Internet, personal history, and present dilemma!


Hi All, 

I don't think I will be able to join the first half of my class because of my defense. Here is what I thought and ruminated about the Free Culture text. In this post, I want to share as well as think about the shaping of culture in the social media sphere. Since this is a blog-post, I move back and forth between personal narrative of interaction with the internet, go back and forth from past to present. 

As I scroll my instagram, I consume many small videos ranging from the cute pugs to crazy nail art, to the news and information about Priyanka Chopra and Nick Jonas or Harry and Megan or just information about many cat pets of my friends. 

I go back to my memory lane, where I learned MS-DOS and the joy of writing our name with command and seeing on a black and white computer screen. I must have been in my fifth grade and the privilege of going to a boarding (private) school was you had a computer class where you learned everything about computer for four days and go to the lab and practice MS-DOS. 

Computers were part of growing privileged educational culture then. I remember my father who is a lover of technology bought a used computer to set it up at home and also connected it to the Dial-up internet where we used to have a certain password and then our phone bill would come expensive and with that fear we connected and disconnected it really fast. It was also the time of various kinds of chat room like penpal.com and otherwise. My father decided to learn how to use the internet because he wanted to learn and he was someone who got fascinated with the internet. I remember him recalling that he went to cyber cafe in Kathmandu this should be around 17-18 years ago and then paying the one-hour internet price and asking the cyber cafe owner to teach him how to use the internet. That is how he created penpal account and also, he made us create our penpal accounts too. Me and my brother made friends from Turkey and South Korea - both of them sent a hand written letter and emails in my father's account. For my father, he made us type his friendship letters to women in the US. I wonder how my mother felt about it. (Fyi - Nepal is a very patriarchal society). Years before, when my mother went to learn computer with her friend, she got beaten up by my father. I wonder how many other women were in the position of my mother? 

Here is a cyber cafe image in Kathmandu that I found on google: 

You can see the old generation computers with a dollar sign and also  information that says "Burn CD"

With a lot of tourists visiting Nepal after the Maoist insurgency, the cyber cafes bloomed in Nepal and similarly, the internet culture I assume started to enter. There was a famous website called: "Nepalnews.com" where alongside the news there used to be a chat room called "Chiya Chautari" (Tea house) and a lot of time people started chatting there and meeting too and making friends there. I remember chatting to people there but I never met anyone in person from there. 

Years later, in Nepal a recent data said 100% of people in Nepal have access to mobile phones but still digital literacy is a lack. A lot of people know how to use Facebook but the actual educational part of the internet isn't accessible to a lot of people and especially those who are marginalized. So, Lessig is right - some people are left behind but those people are also affected with the Free culture. He says, there is no single inventor of the internet but it got evolved and it is still emerging and getting mixed up with a variety of cultures and geographical places and adapting to the audience's culture. Lessig further adds as the internet has been incorporated in ordinary life things have changed/ The speed at which the internet has traveled and changed the lives and cultures of people.
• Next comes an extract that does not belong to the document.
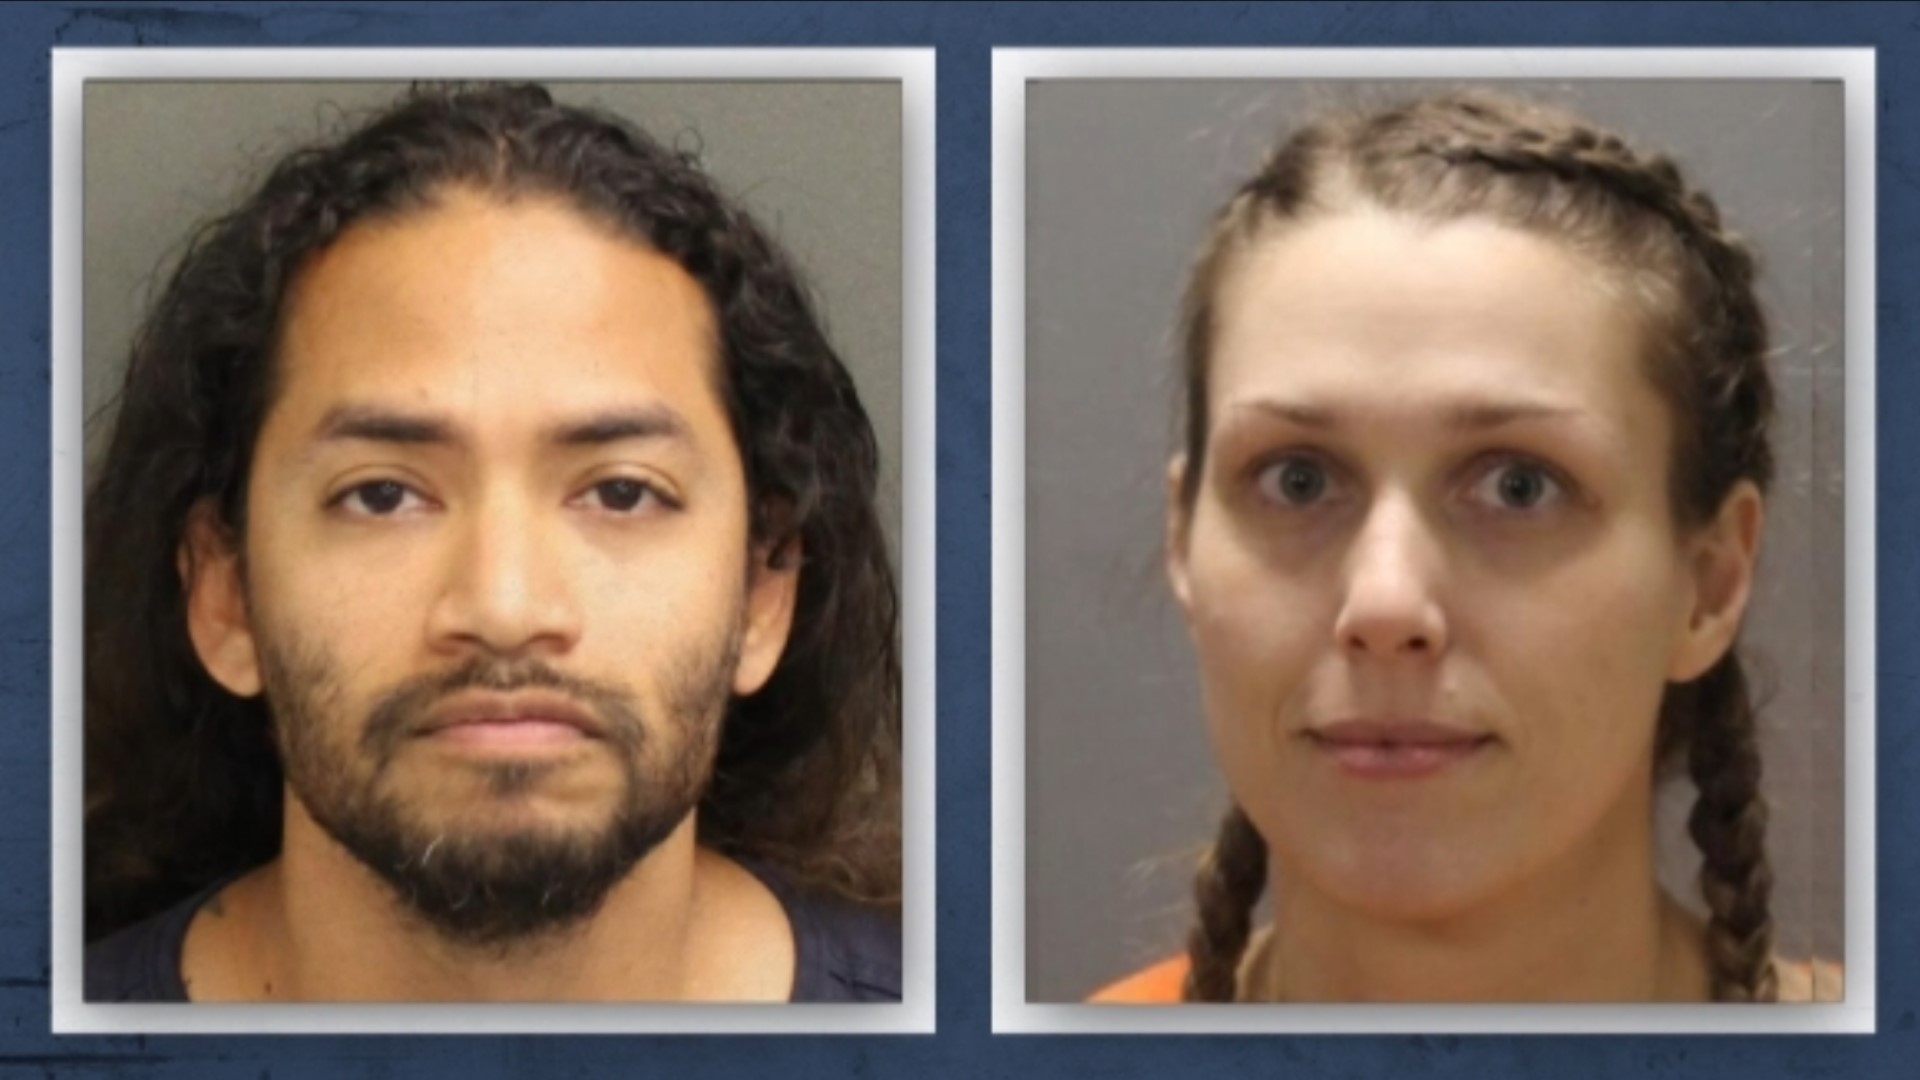 A ruling is being made on whether the SAO's 4th Judicial Circuit will remain as the prosecutors in the murder trial of Bridegan's accused killers.

New cultures of the internet demand new kinds of adaptability and new kinds of policies. 

The reason I am sharing this narrative is to share how the shift in technological development in Nepal and I think this kind of change is similar in different kinds of societies. 

But at present, so many things have changed- students in the US don't like to use Facebook anymore but various organizations especially NGOs and governments or anti-vaccine people like to use the Facebook because they can use it to the specific group of people to relay their information etc. Each medium of communication has each unique culture that it upholds and shares I think and it is crazy to think that our information is so free and wild and accessible on the internet. 

My questions: 

1) How do we teach the cultural boundaries of the internet in our class? 
2) How do we personally navigate and curate our own information online so that safeguards our identity, personal history, and professional lives?